COLLECTED DATA START
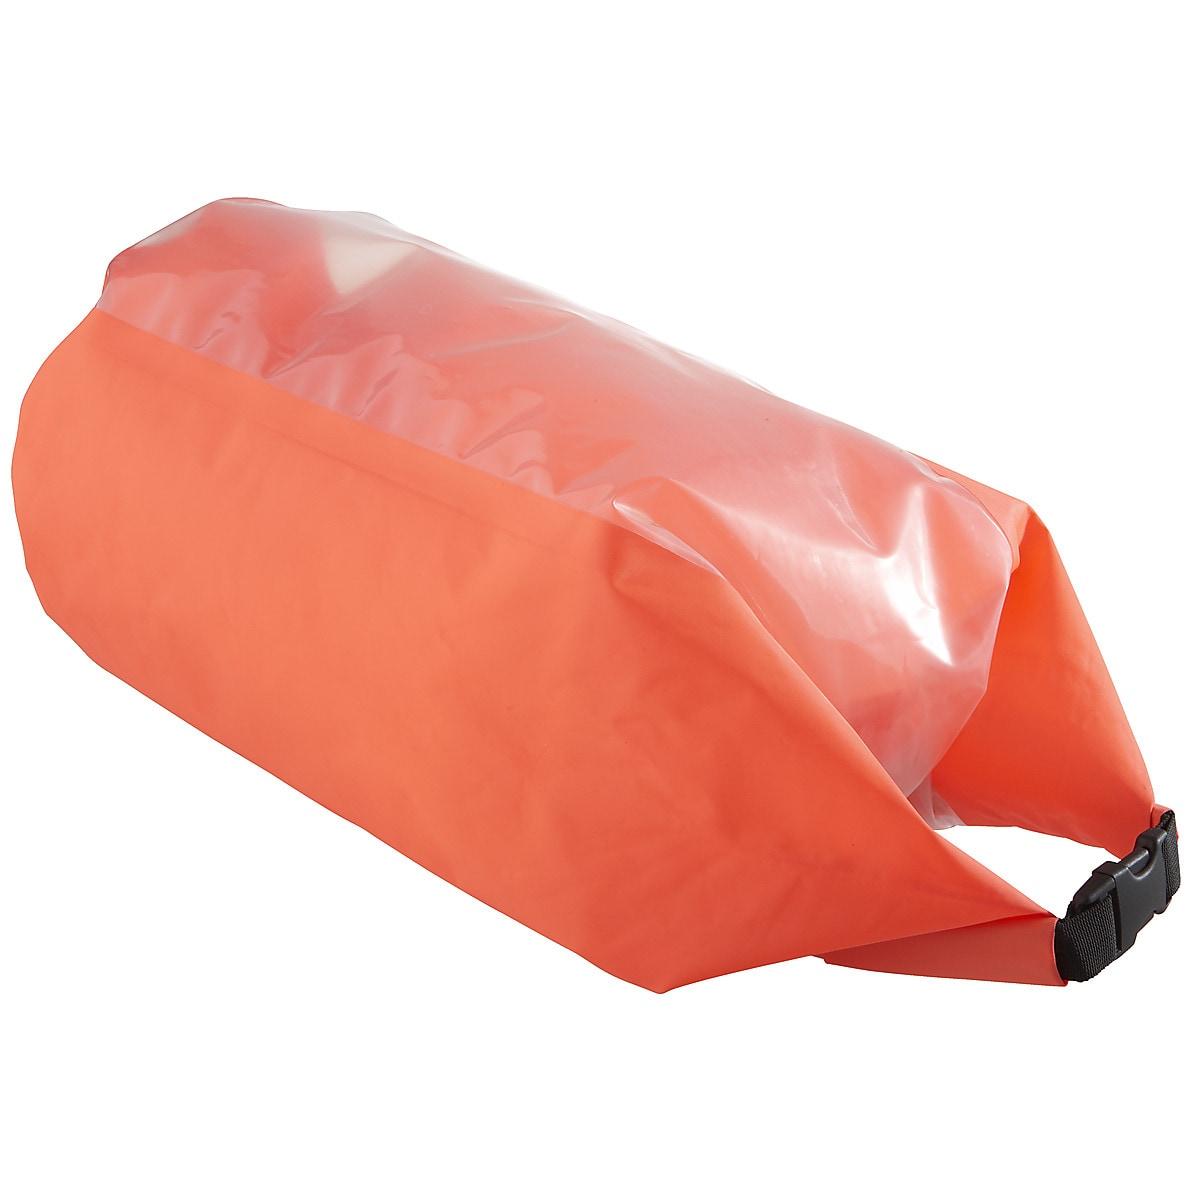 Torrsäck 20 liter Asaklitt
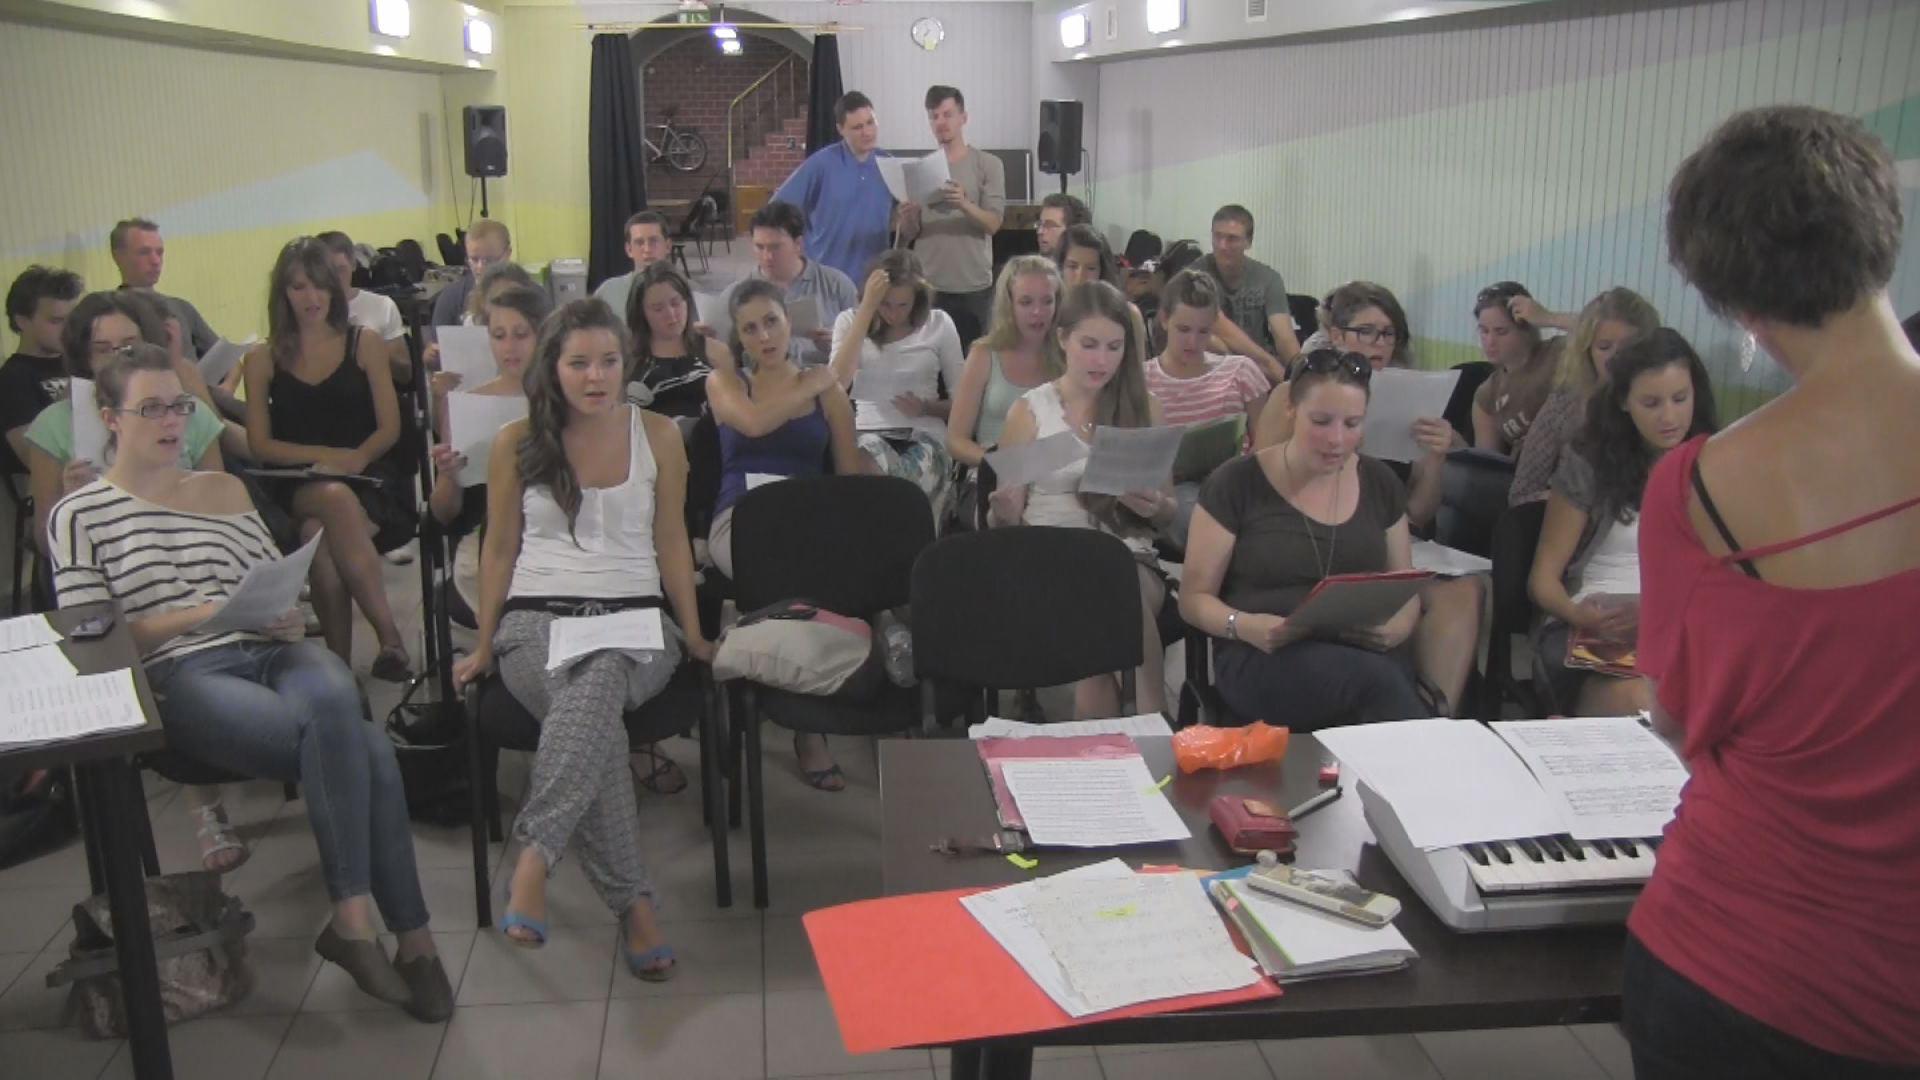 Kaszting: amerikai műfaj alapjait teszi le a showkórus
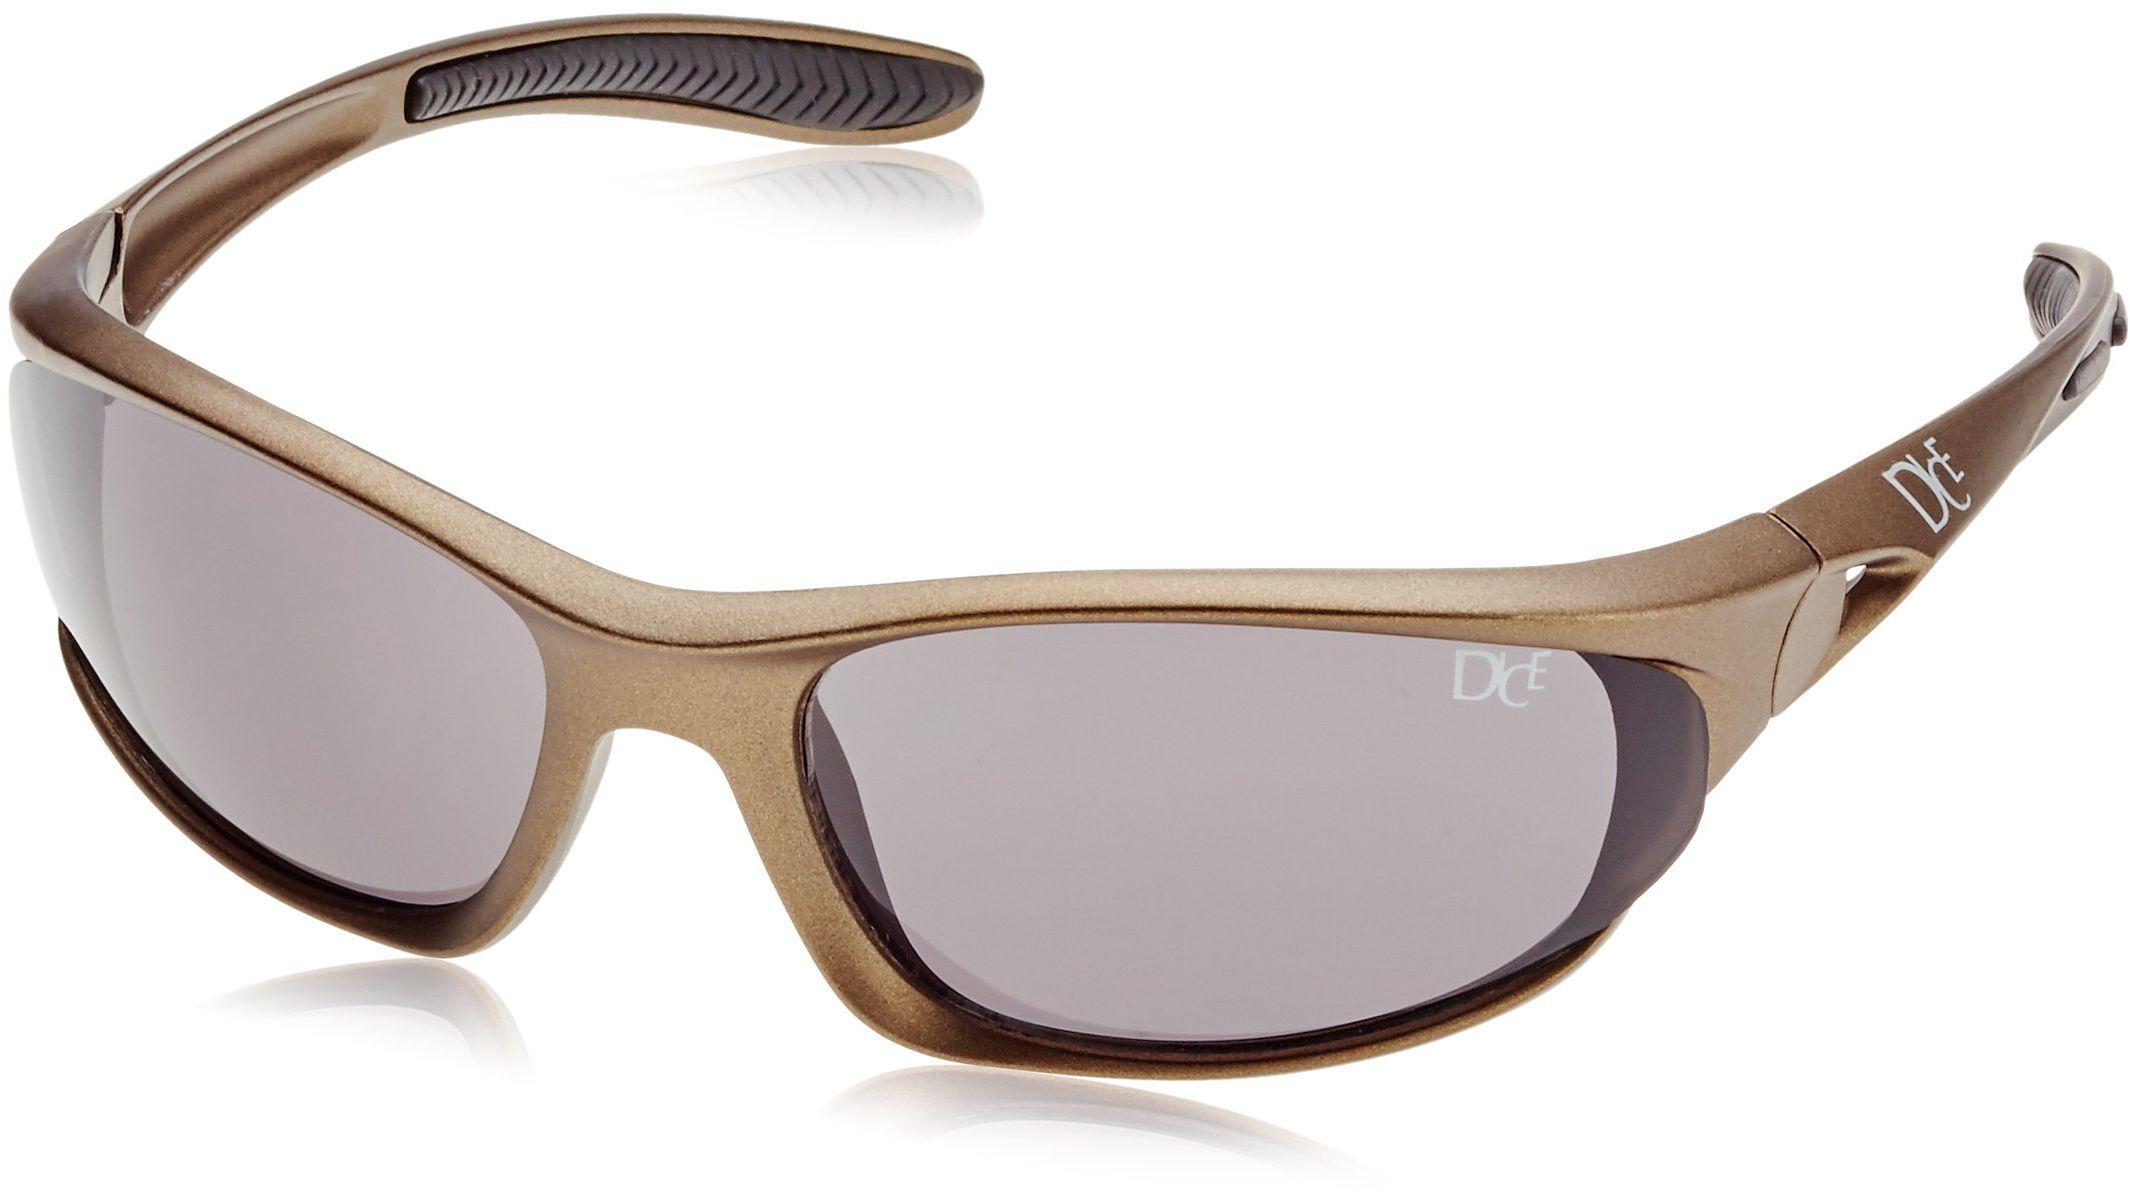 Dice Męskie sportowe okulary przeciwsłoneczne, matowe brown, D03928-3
COLLECTED DATA END
**BRIEF**
In the listing, find the line containing "Kaszting: amerikai műfaj" and repeat it and every later line through the last one, word for word, excluding the pictures.

**EXPECTED ANSWER**
 Kaszting: amerikai műfaj alapjait teszi le a showkórus
 Dice Męskie sportowe okulary przeciwsłoneczne, matowe brown, D03928-3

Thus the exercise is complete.